• Task statement: Each line of the data below between the one containing "420 Film starring" and the one containing "Verlobungsring Tipps", both included, is to be repeated exactly. Please omit pictures.

• Task input:
——————————

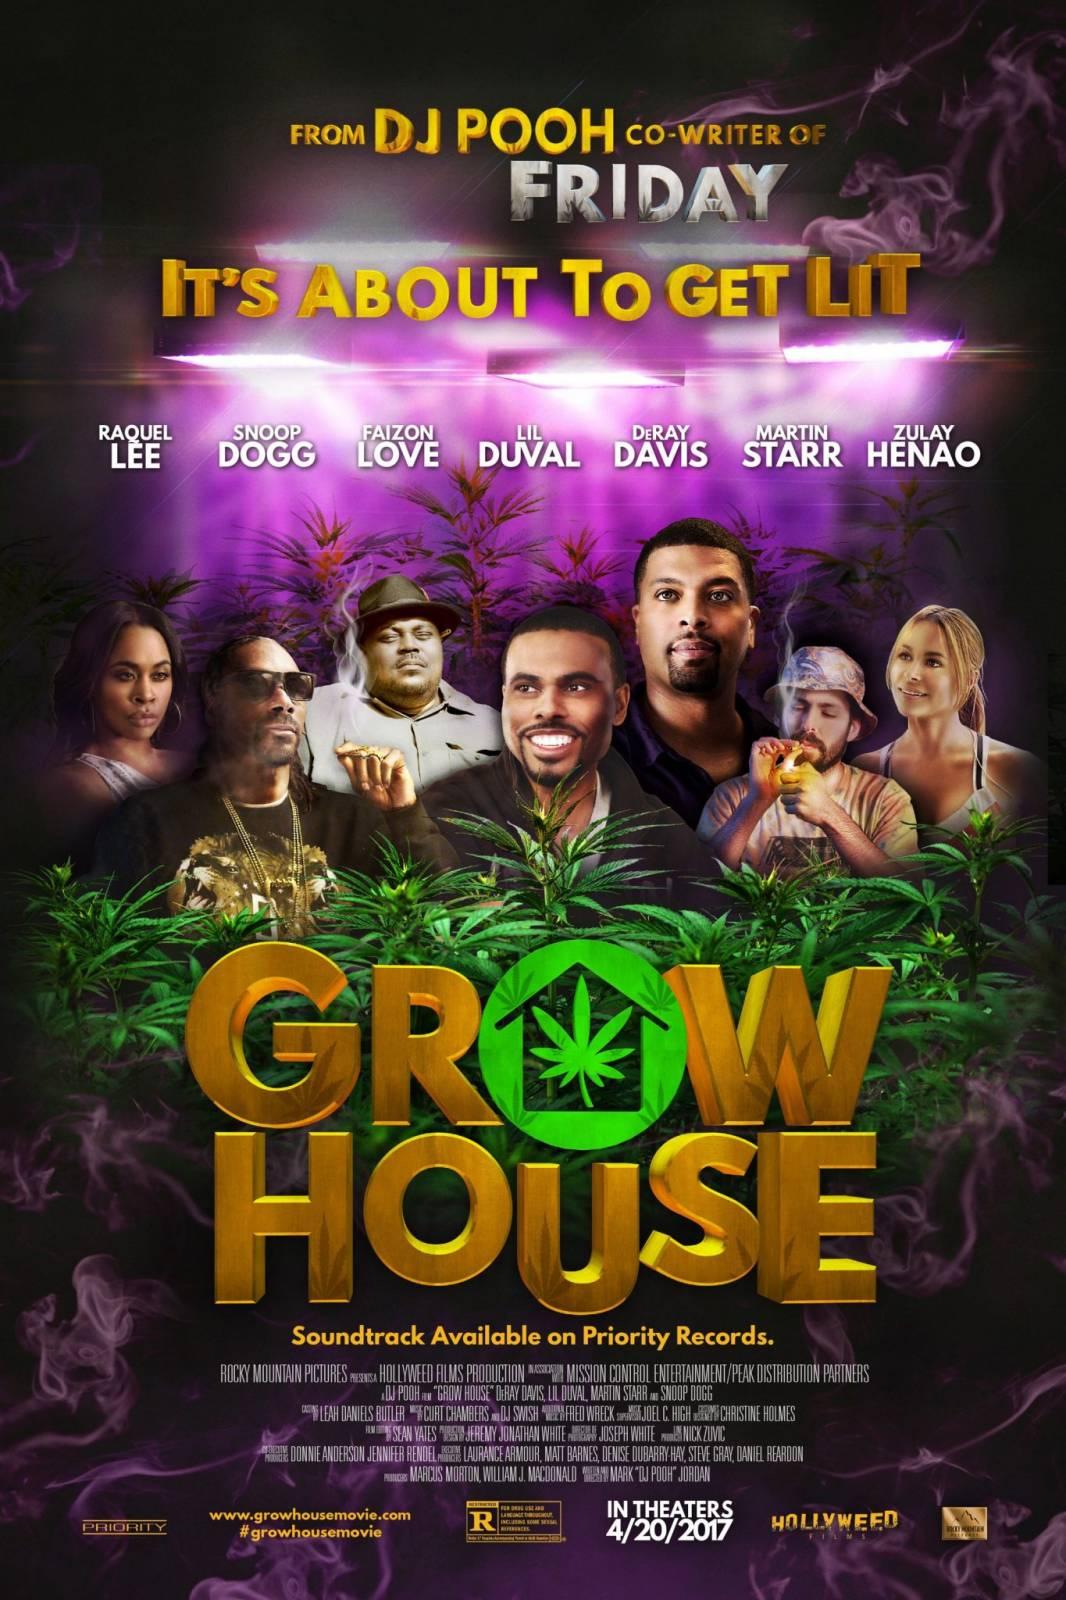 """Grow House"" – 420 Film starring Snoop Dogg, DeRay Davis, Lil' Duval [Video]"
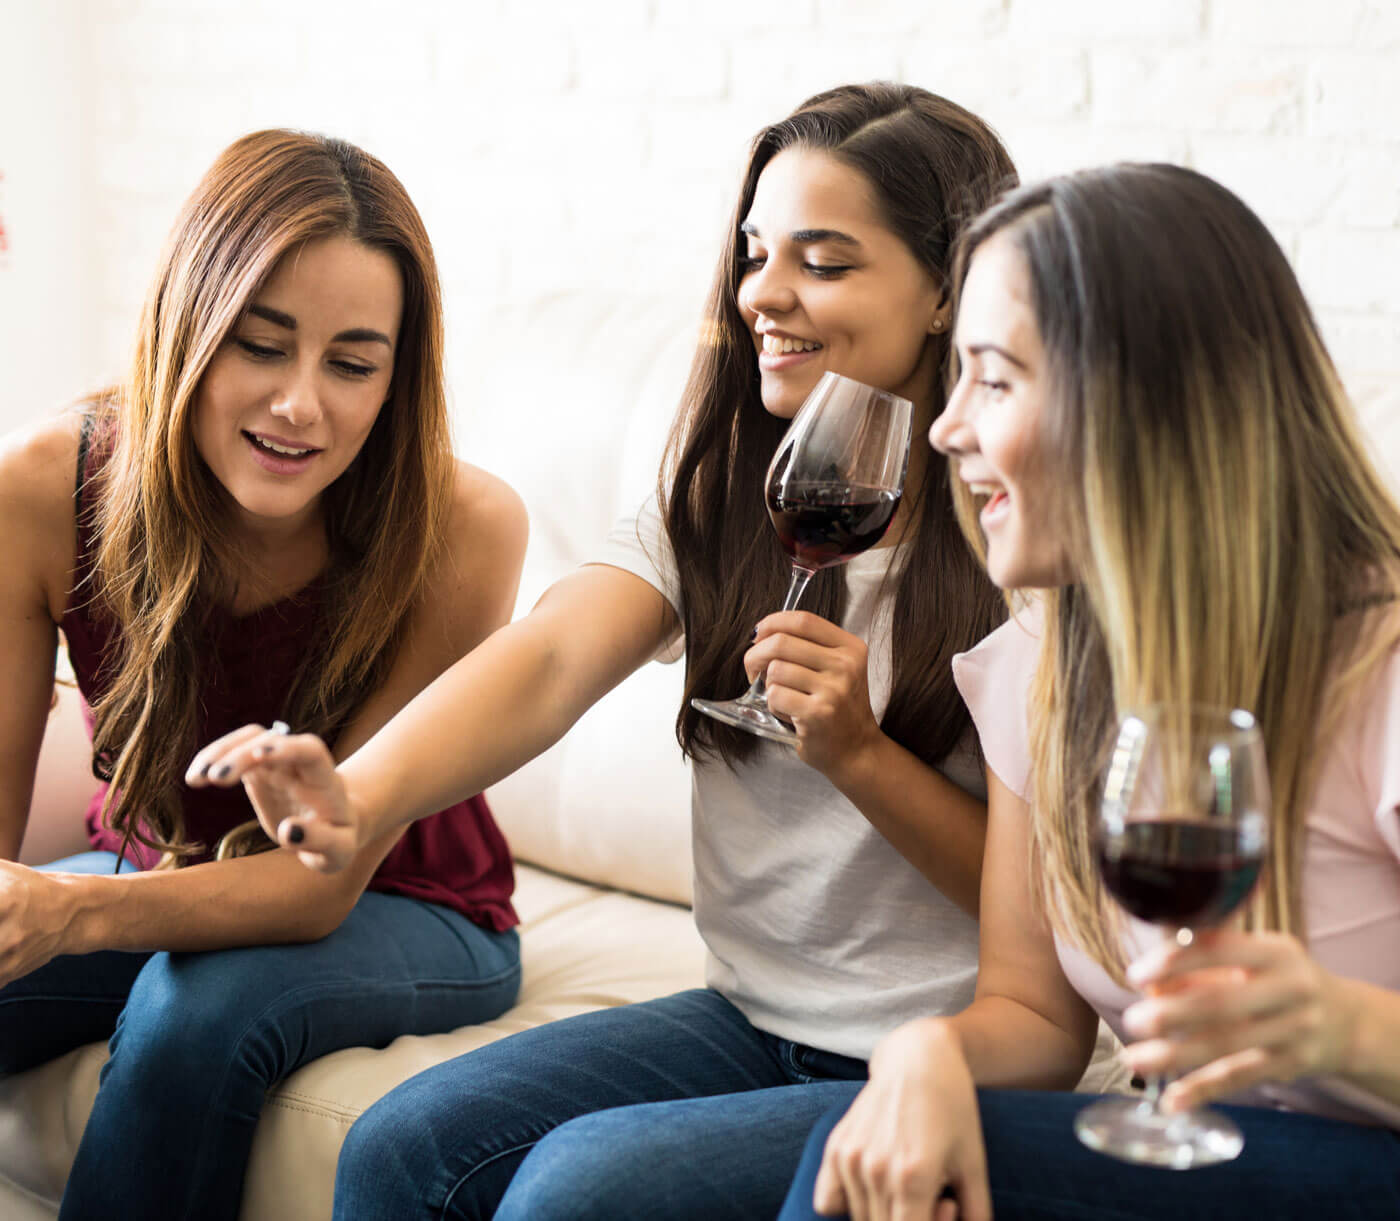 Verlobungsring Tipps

——————————

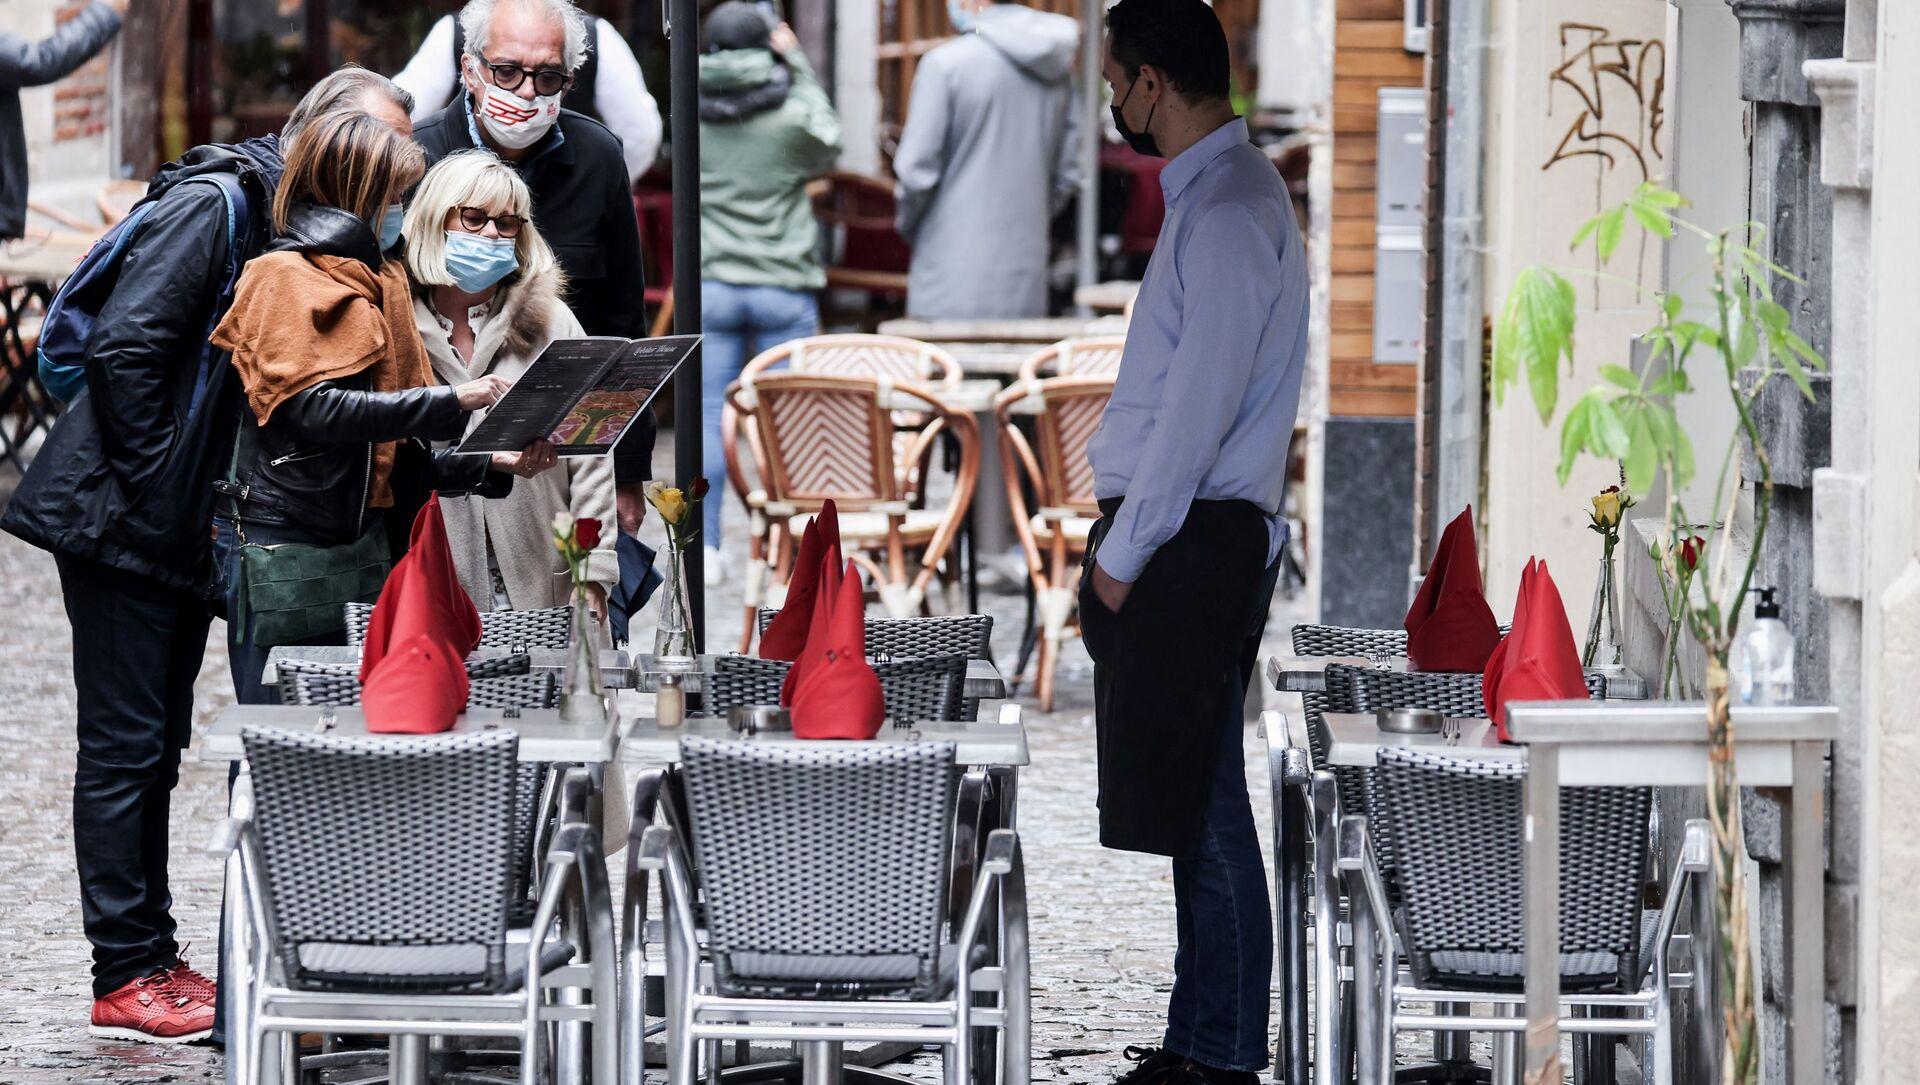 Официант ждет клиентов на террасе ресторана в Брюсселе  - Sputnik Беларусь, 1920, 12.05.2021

——————————

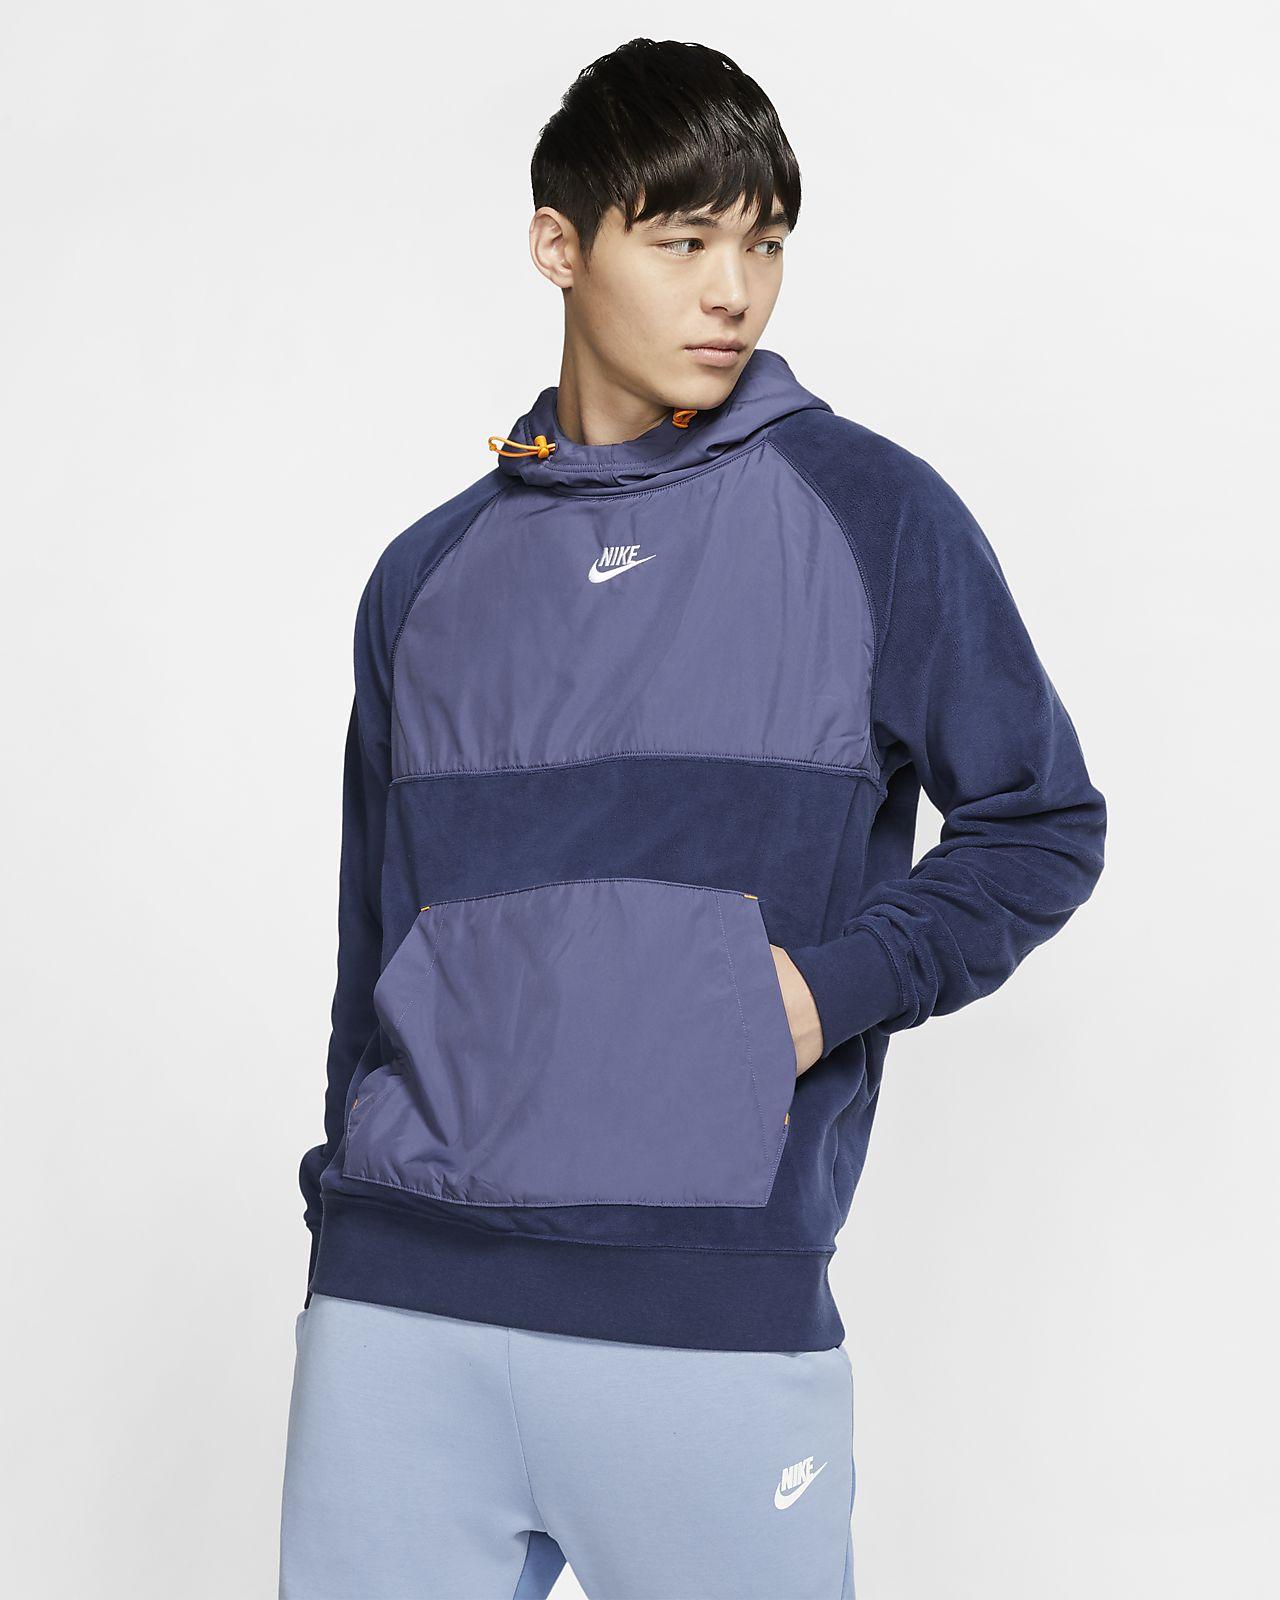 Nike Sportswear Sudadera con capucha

——————————

• Result of this task:
 """Grow House"" – 420 Film starring Snoop Dogg, DeRay Davis, Lil' Duval [Video]"
 Verlobungsring Tipps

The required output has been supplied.